Other machine vision companies are focusing on smaller chores. Remini, for example, offers an “AI Photo Enhancer” as an online service that will add detail to enhance images by increasing their apparent resolution.

What machine vision can’t do

The gap between AI and human ability is, perhaps, greater for machine vision algorithms than some other areas like voice recognition. The algorithms succeed when they are asked to recognize objects that are largely unchanging. People’s faces, for instance, are largely fixed and the collection of ratios of distances between major features like the nose and corners of eyes rarely change very much. So image recognition algorithms are adept at searching vast collections of photos for faces that display the same ratios.

But even basic concepts like understanding what a chair might be are confounded by the variation. There are thousands of different types of objects where people might sit, and maybe even millions of examples. Some are building databases that look for exact replicas of known objects but it is often difficult for machines to correctly classify new objects.
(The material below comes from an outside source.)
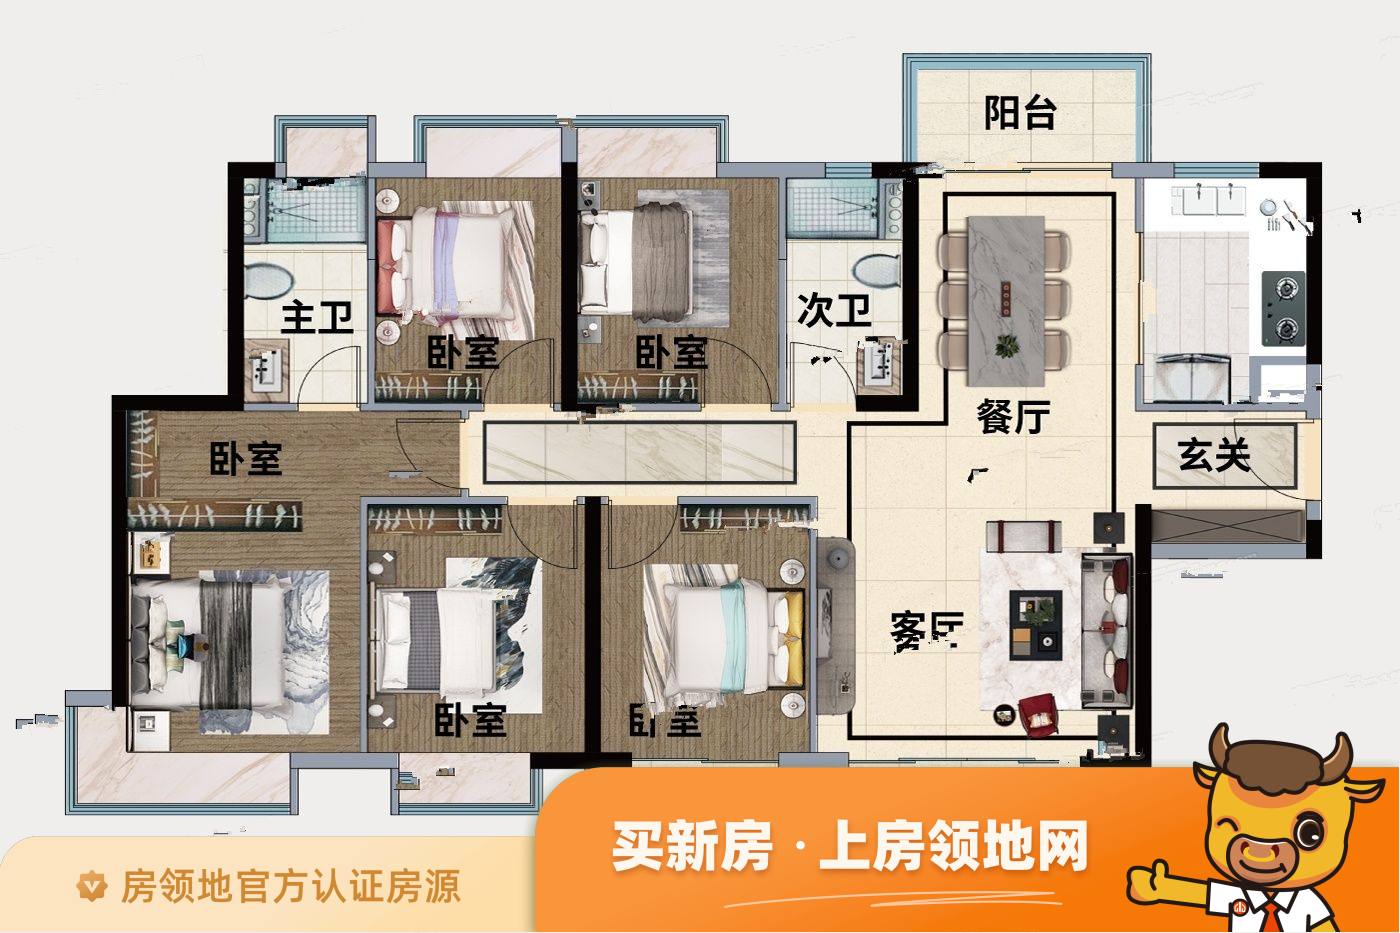 苏州凤凰文化广场公寓户型图5室2厅2卫

A particular challenge comes from the quality of sensors. The human eye can work in an expansive range of light, but digital cameras have trouble matching performance when the light is lower. On the other hand, there are some sensors that can detect colors outside the range of the rods and cones in human eyes. An active area of research is exploiting this wider ability to allow machine vision algorithms to detect things that are literally invisible to the human eye.